Ukrainian surgeon Dr. Oleksandr Stanko calls it "the Minnesota miracle."
On a Sunday evening in May, a large box of medical supplies packed by volunteers in a Minneapolis gym arrived at his hospital in Odesa, a medical facility that has been suddenly immersed in the horrors of war.
Early the next morning, a 60-year-old Ukrainian soldier arrived at the hospital needing emergency surgery to prevent his left leg from being amputated. Searching the box of donated supplies, Stanko discovered the very surgical tool that he and his fellow doctors needed for a vascular bypass operation to save the man's leg.
"It's unbelievable, really," said Stanko, who spoke last week by phone while working the overnight shift at the Odesa hospital. "This is how different people from different parts of the world can save lives and limbs — and make victory in this war possible."

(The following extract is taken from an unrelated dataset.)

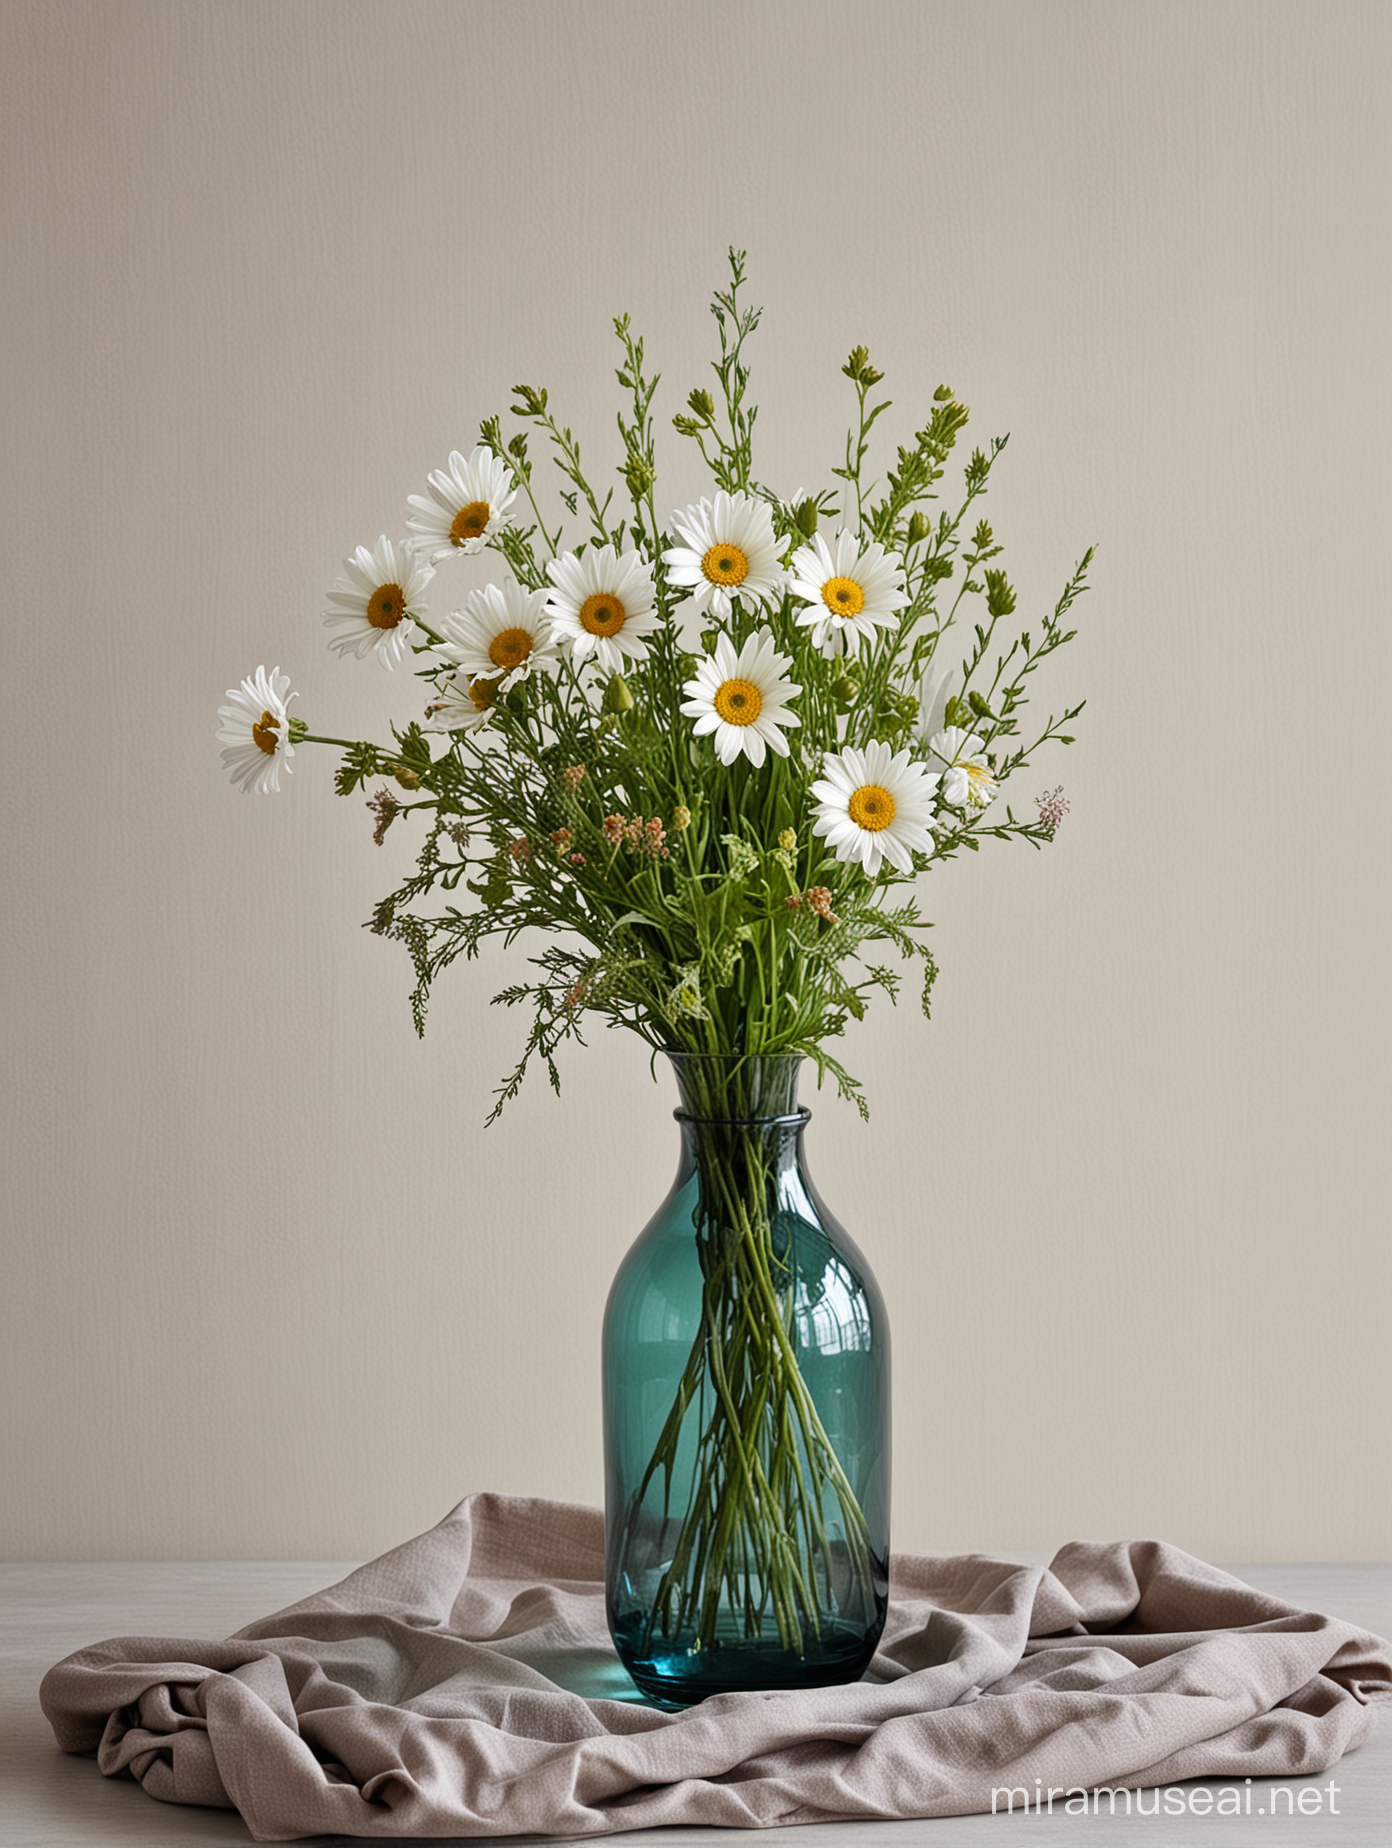 Stylish Decorative Daisy Arrangement in Multicolored Vase with Drapery

The successful surgery is but one of dozens of recent cases in which Ukrainians on the front lines have benefited from a volunteer effort more than 5,000 miles away in Minnesota to provide them with humanitarian aid.
Through an ever-widening network of personal contacts, Minnesotans are delivering a vast assortment of medical supplies and protective gear — tourniquets, intravenous bags, body armor and even military ambulances — to southern and eastern Ukraine, where Russian missile strikes have devastated civilian areas and inflicted mass casualties. Over 15 weeks of war, nearly $500,000 worth of supplies have been collected and sorted by volunteers in Minnesota, placed on passenger jets to Poland and transported to cities in Ukraine as far east as Kherson and Mykolaiv.
Like the war itself, the scale of the humanitarian aid effort has surpassed the imagination of Minnesota's Ukrainian community. What began as a few people collecting tactical gear in their living rooms has morphed into a sophisticated operation with a small army of volunteers that includes dozens of local Ukrainians, Latvians, Belarussians and Russians. People who spend their days as doctors, nurses, graphic artists and small-business owners have become experts on battlefield medicine, types of body armor and international transport logistics.
The aid has gone far beyond care packages. The group plans to fill a 40-foot shipping container with medical supplies and transport it from Minnesota to Lviv, a city in western Ukraine, by the end of June.